В самом деле, все другие положения комиссии почти точно такого же высокомерного характера: «Легкомысленны, дескать, сами надавливают бессознательно на стол, оттого стол и качается; сами обмануть себя желают, стол и стучит; нервы расстроены, во мраке сидят, гармония играет, крючочки в рубашечных рукавчиках устроены (это, впрочем, предположение г-на Рачинского), кончиком ноги стол подымают» и т. д. и т. д. И всё-таки это никого не убедит из желающих совратиться. «Помилосердуйте, у меня стол в два пуда, я ни за что его не сдвину концом ноги и уж никак не подыму на воздух, да этого и нельзя совсем сделать, разве какой-нибудь факир или фокусник это сделает, или там ваша мистрисс Клэйр своей кринолинной машинкой, а у меня в семействе нет таких фокусников и эквилибристов». Одним словом, спиритизм – без сомнения, великое, чрезвычайное и глупейшее заблуждение, блудное учение и тьма, но беда в том, что не так просто всё это, может быть, происходит за столом, как предписывает верить комиссия, и нельзя тоже всех спиритов сплошь обозвать рохлями и глупцами. Этим только переоскорбишь всех лично и тем скорее ничего не достигнешь. К этому заблуждению надо бы было отнестись, кажется, именно в некоторой связи с текущими общественными обстоятельствами нашими, а поэтому и тон, и приём изменить на другие. Особенно надо бы было принять во внимание мистическое значение спиритизма, эту вреднейшую вещь, какая только может быть; но комиссия именно над этим-то значением и не задумывалась. Конечно, она не в силах бы была раздавить это зло, ни в каком случае, но, по крайней мере, другими, не столь наивными и гордыми приёмами могла бы вселить и в спиритах даже уважение к своим выводам, а на шатких ещё последователей так и сильное бы могла иметь влияние.
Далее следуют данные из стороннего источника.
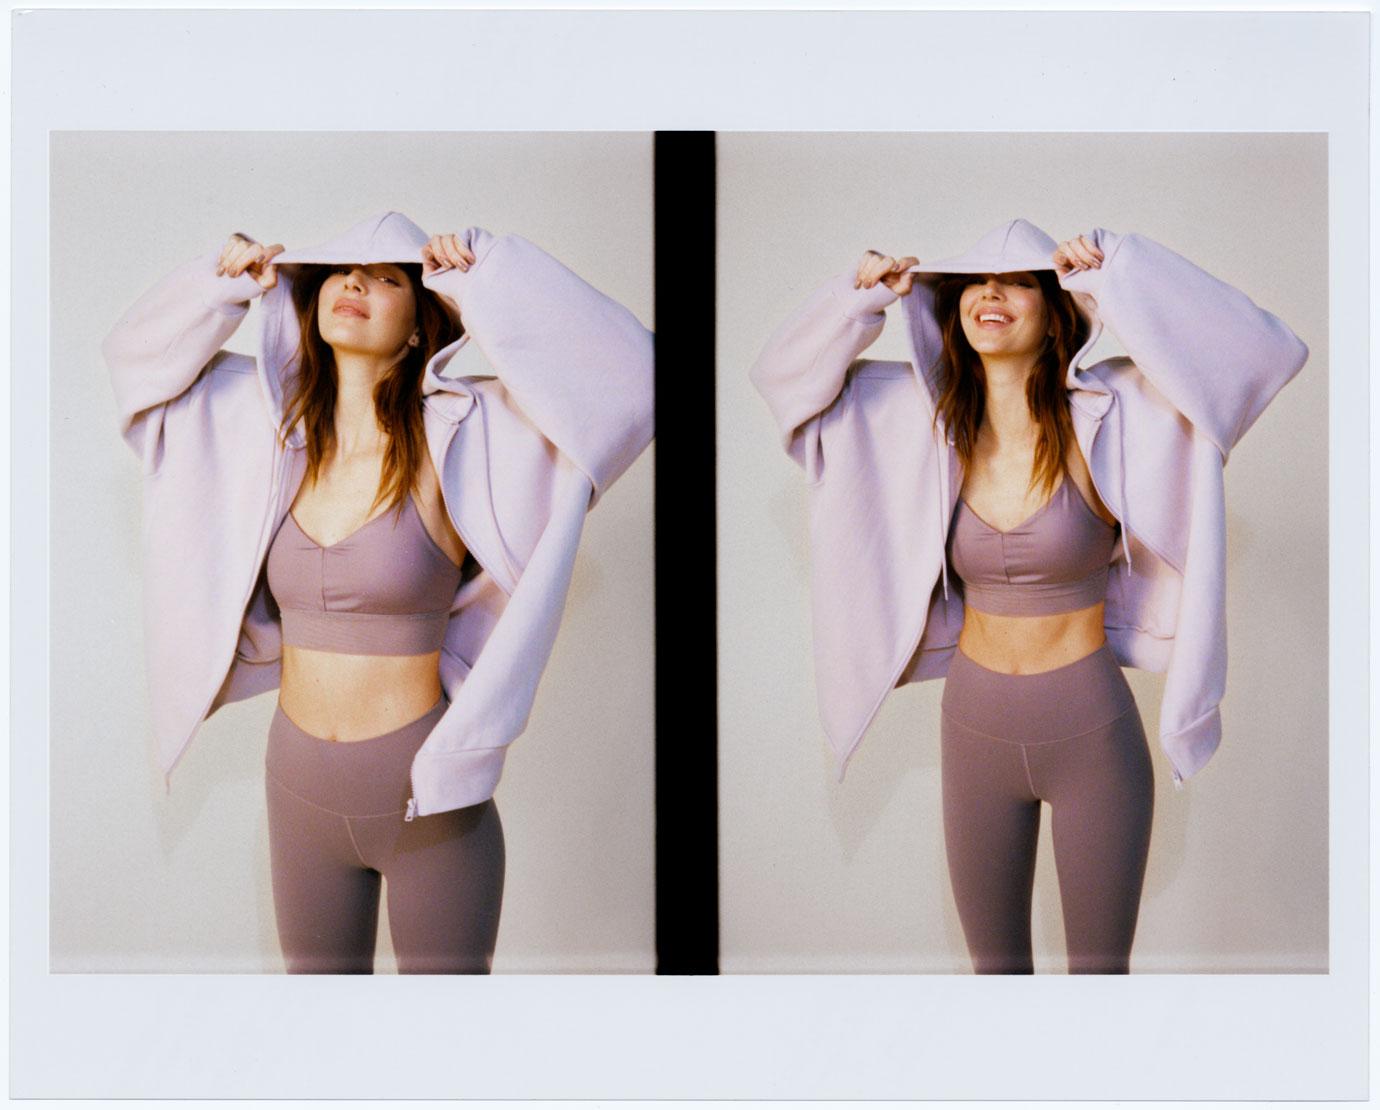 Kendall Jenner Slays As An Alo Yoga Brand Ambassador
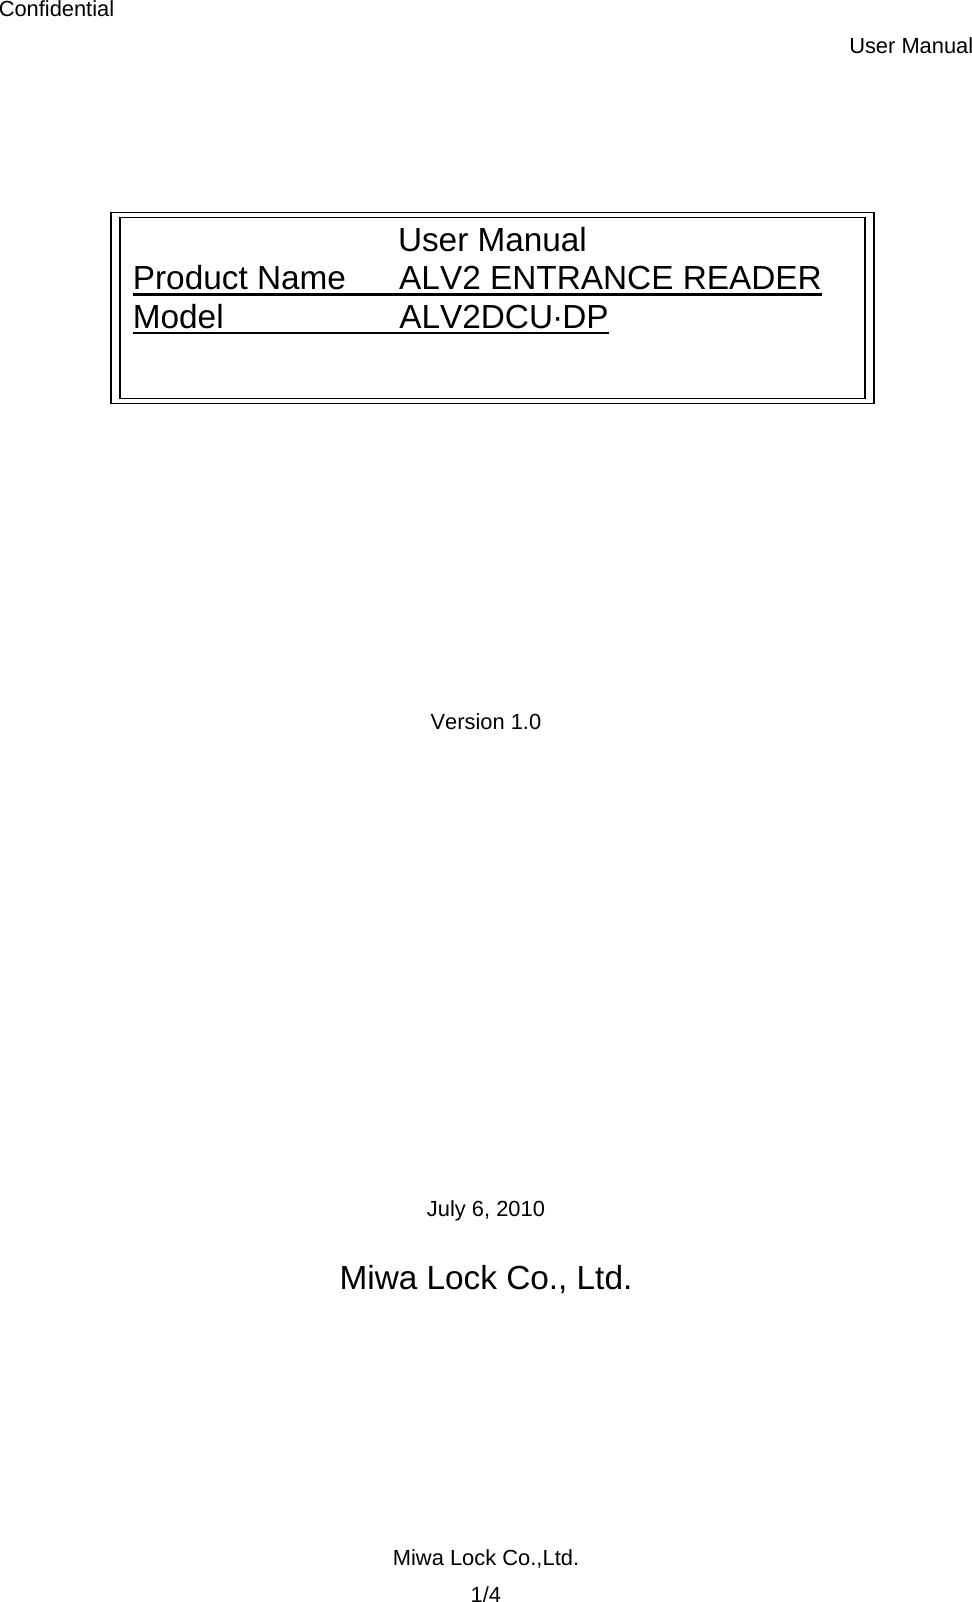 Confidential User Manual Miwa Lock Co.,Ltd. 1/4     User Manual Product Name  ALV2 ENTRANCE READER Model  ALV2DCU·DP              Version 1.0             July 6, 2010  Miwa Lock Co., Ltd.

Но комиссия, очевидно, считала всякий другой подход к делу, кроме как к фокусничеству, и не простому, а с плутнями, – унизительным для своего учёного достоинства. Всякое предположение, что спиритизм есть нечто, а не просто грубый обман и фокус, – для комиссии было немыслимо. Да и что сказали бы тогда о наших учёных в Европе? Таким образом, прямо задавшись убеждением, что всего-то тут только надо изловить плутню и ничего больше, – учёные тем самым сами дали решению своему вид предвзятого решения. Поверьте, что иной умный спирит (уверяю вас, что есть и умные люди, задумывающиеся над спиритизмом, не всё глупцы), – иной умный спирит, прочитав в газетах отчёт о публичной лекции г-на Менделеева, а в нём такую фразу:
«Из этих стуков, при условной азбуке, образуются целые слова, фразы, изречения, носящие всегда на себе оттенок умственного развития того медиума, при помощи которого производится сеанс. Это факт», – прочитав такую фразу, пожалуй, вдруг подумает: да ведь этот «всегдашний оттенок умственного развития того медиума» и т. д. – ведь это, пожалуй, чуть не самое существенное дело в исследовании о спиритизме, и вывод должен быть сделан на основании самых тщательных опытов, и вот наша комиссия только лишь подсела к делу (долго ль она занималась-то!) как тотчас же и определила, что это факт. Уж и факт! Может быть, она руководствовалась в этом случае каким-нибудь немецким или французским мнением, но ведь в таком случае где же собственный-то её опыт? Тут лишь мнение, а не вывод из собственного опыта. По одной мистрисс Клэйр они не могли заключить об ответах столов, «соответственных умственному развитию медиумов», как о всеобщем факте. Да и мистрисс-то Клэйр вряд ли они исследовали с её умственной, верхней, головной стороны, а нашли лишь щёлкающую машинку, но уже совсем в другом месте. Г-н Менделеев был членом комиссии и, читая лекцию, говорил как бы от лица комиссии. Нет, такое скорое и поспешное решение комиссии, в таком важном пункте исследования и при таких ничтожных опытах – слишком высокомерно, да и вряд ли вполне научно…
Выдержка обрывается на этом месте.